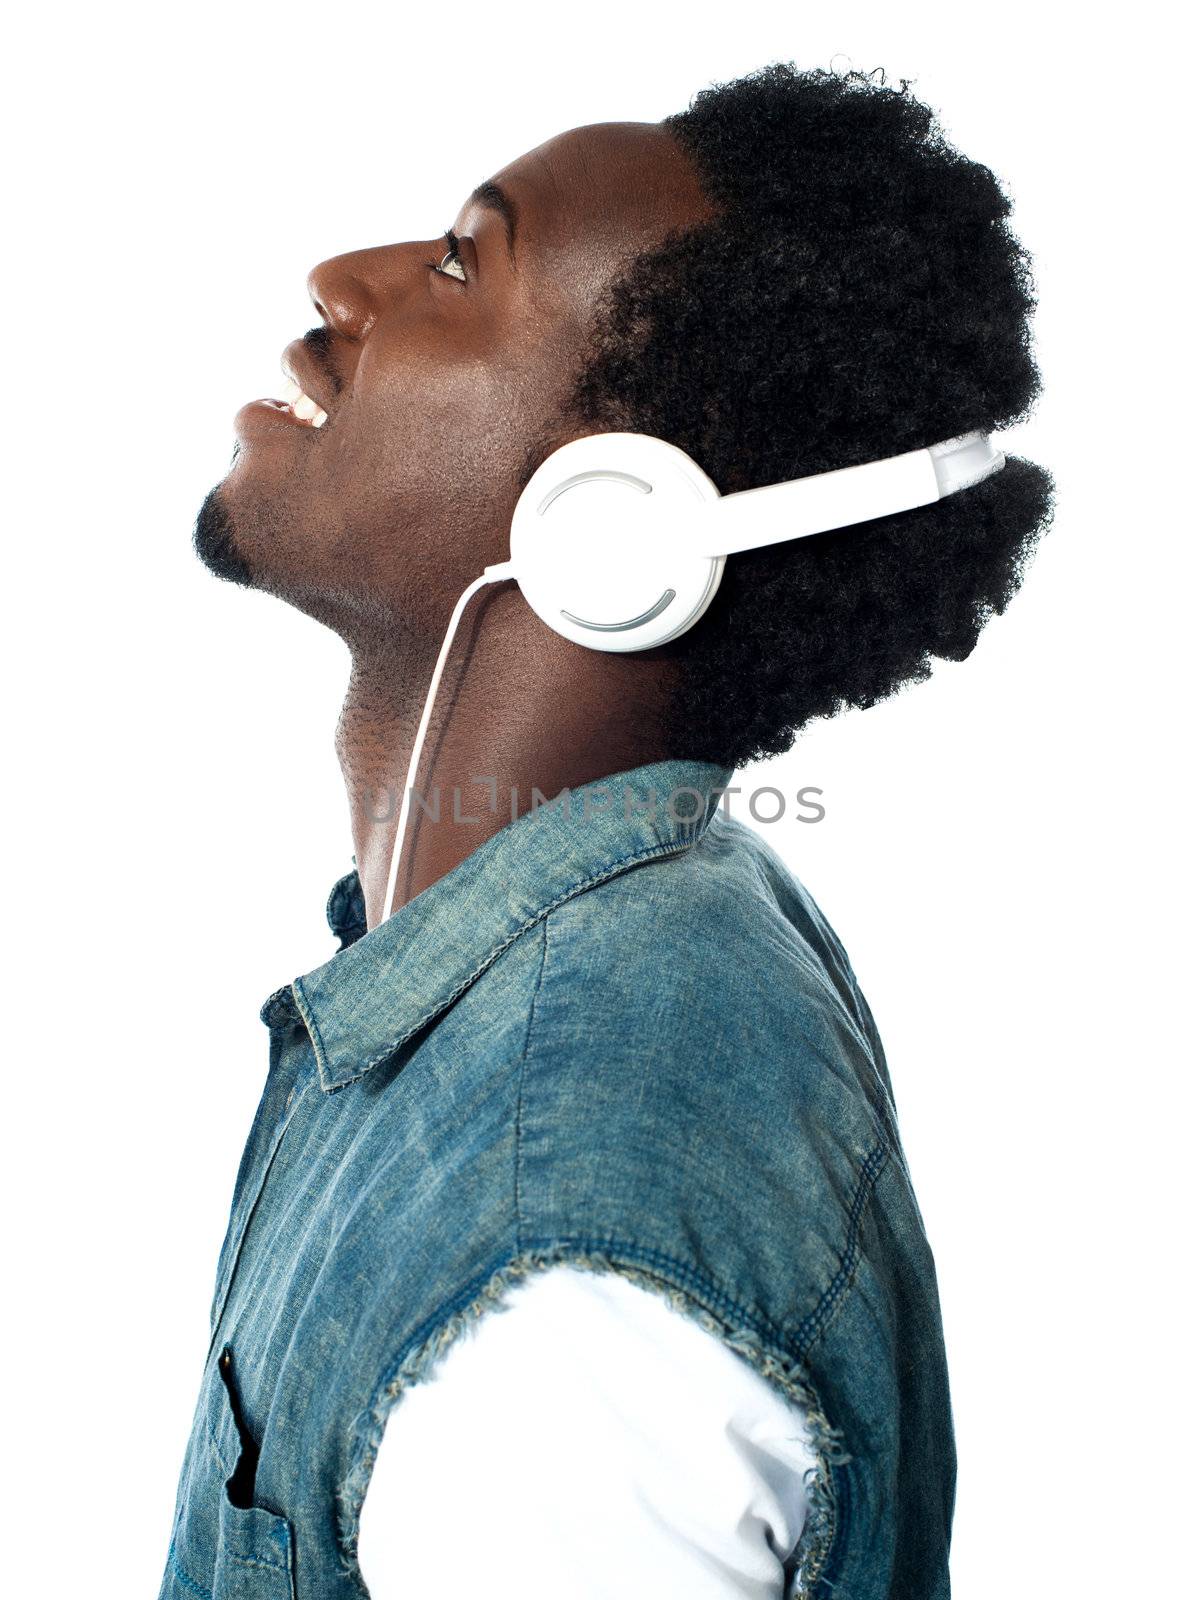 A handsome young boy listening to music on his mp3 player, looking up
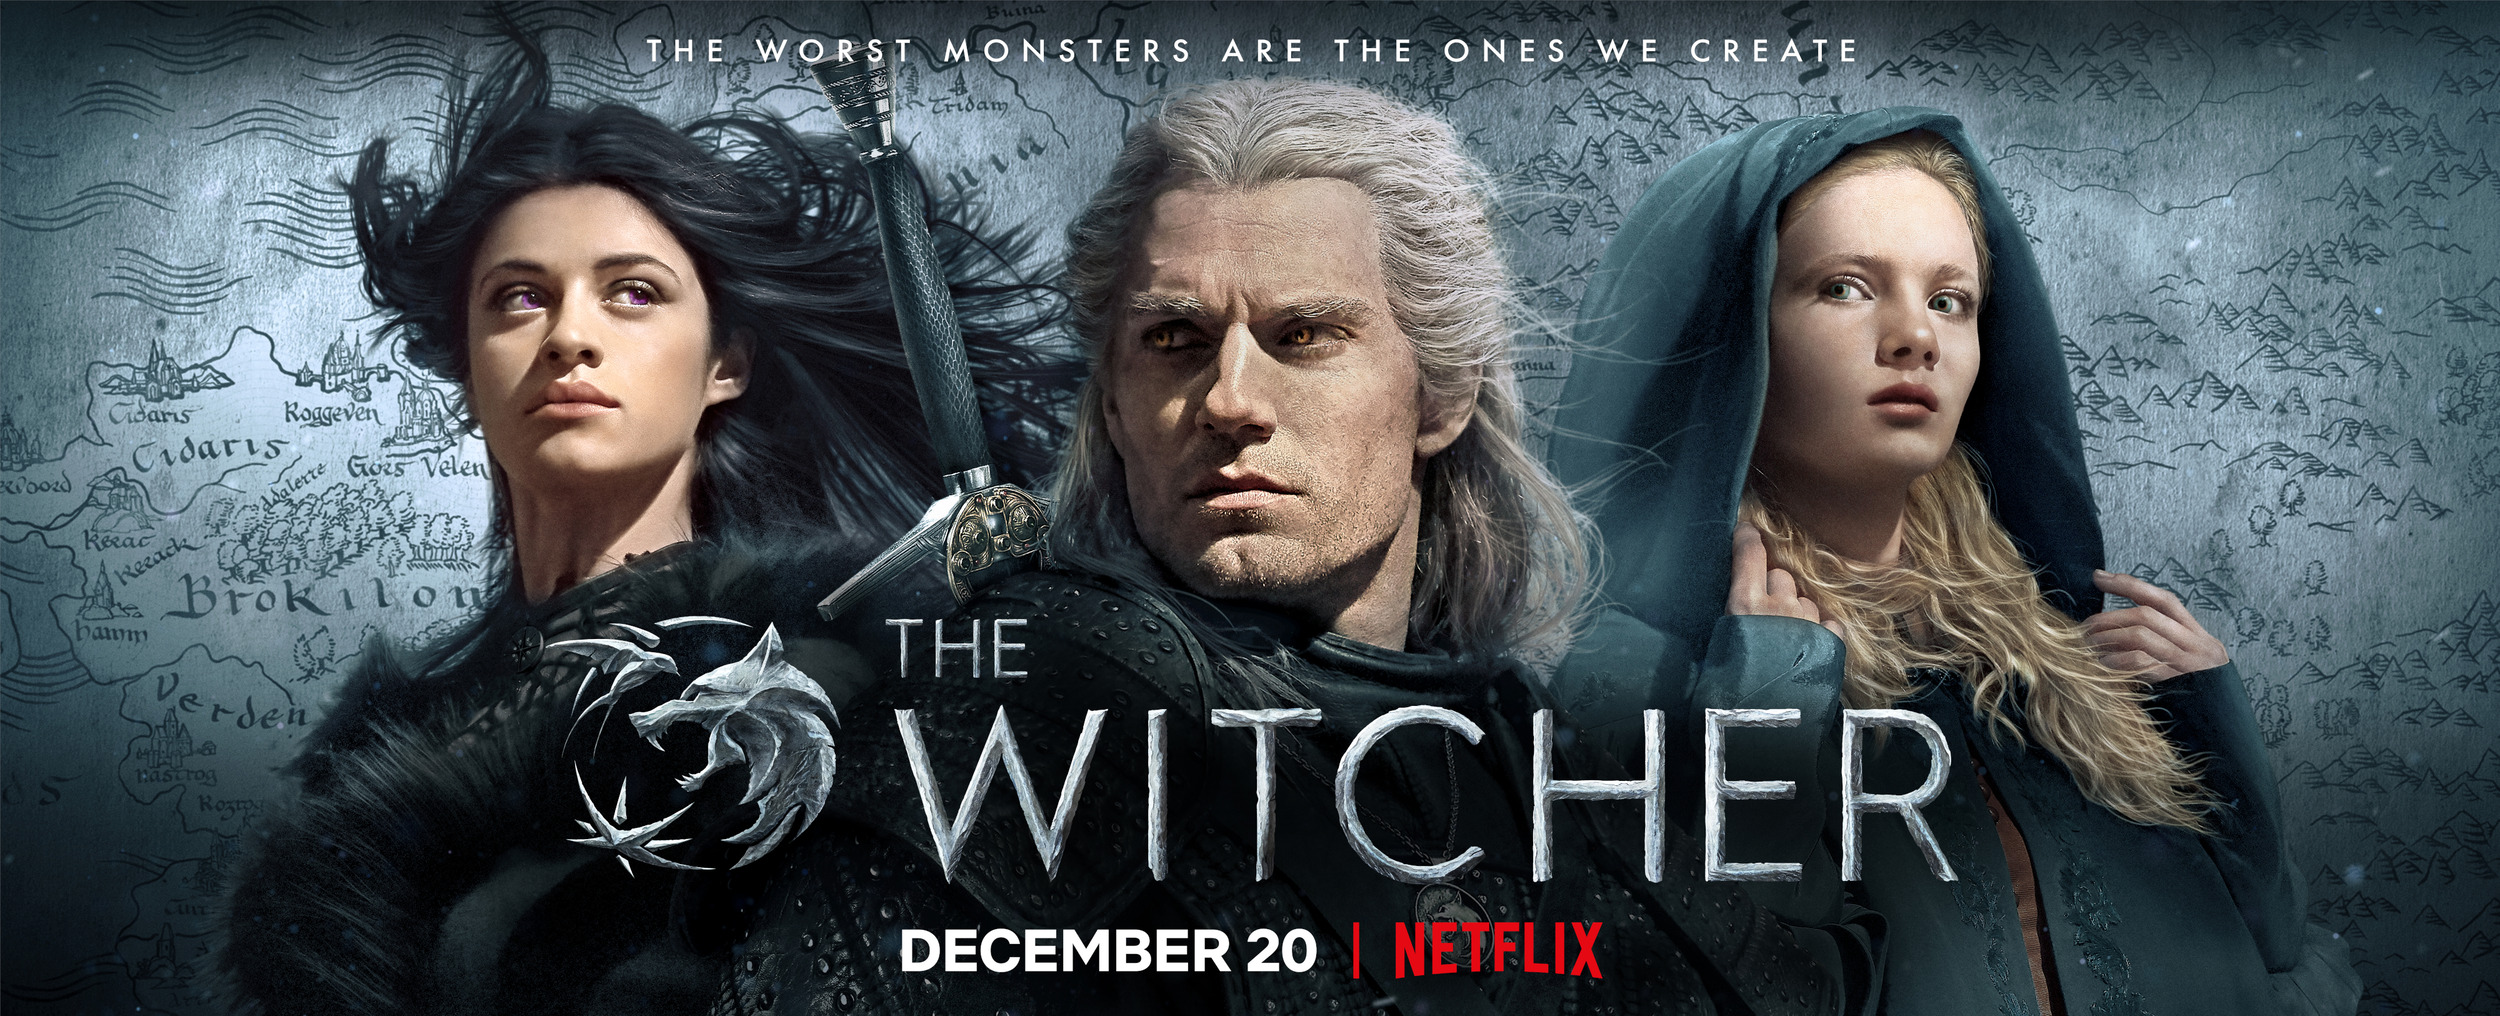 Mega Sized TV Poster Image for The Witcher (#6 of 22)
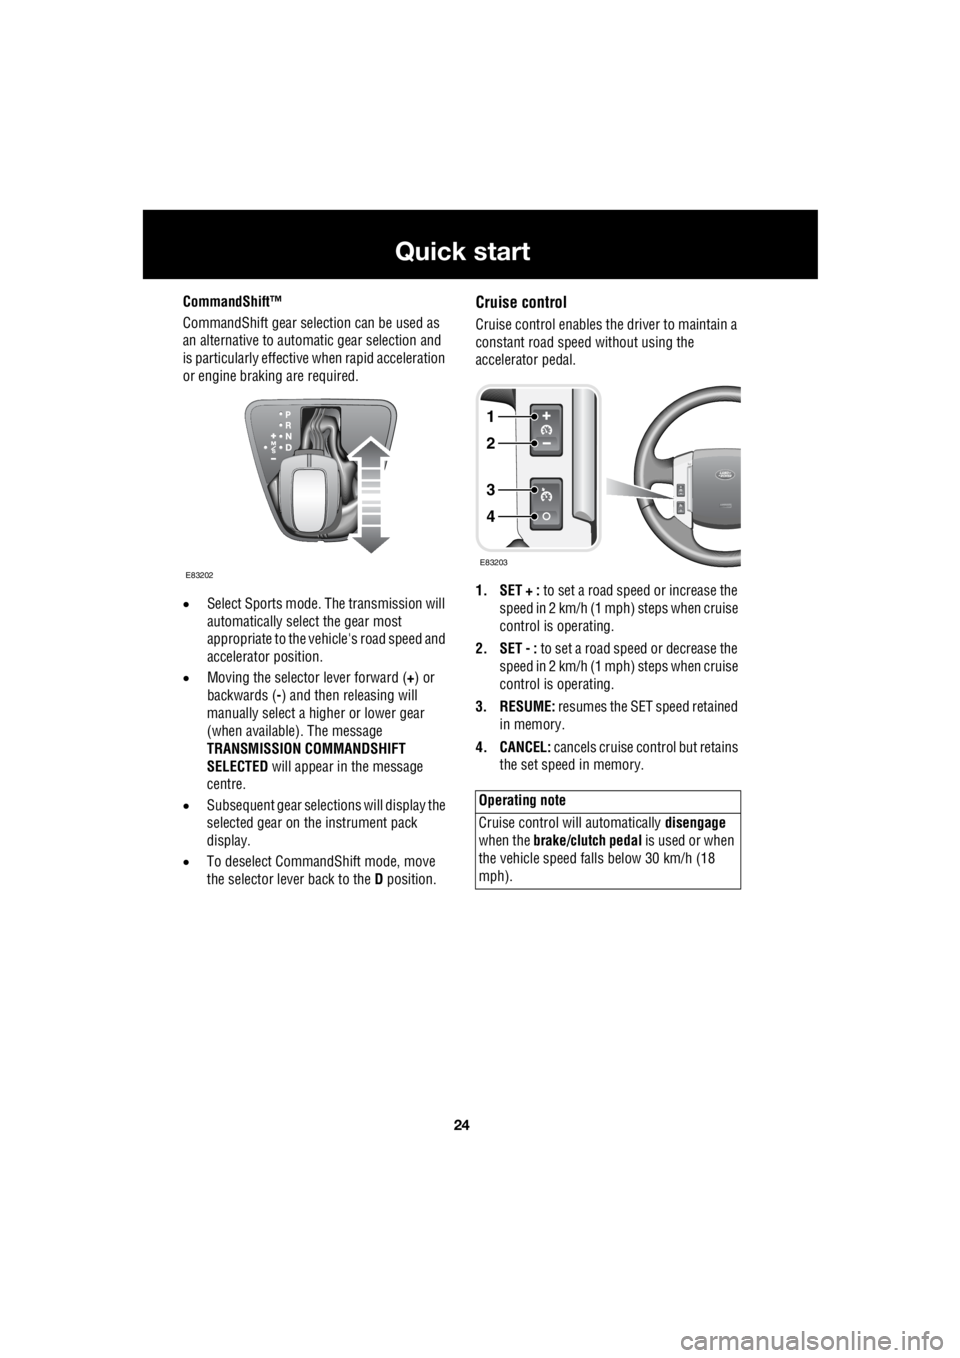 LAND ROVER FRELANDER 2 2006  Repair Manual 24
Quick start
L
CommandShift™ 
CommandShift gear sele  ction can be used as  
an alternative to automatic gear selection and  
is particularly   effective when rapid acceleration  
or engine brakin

· · · ·

**Exercise brief:**
Which lines in the material above include the string "CommandShift"? Pull them out.

**Written solution:**
CommandShift™ 
CommandShift gear sele  ction can be used as  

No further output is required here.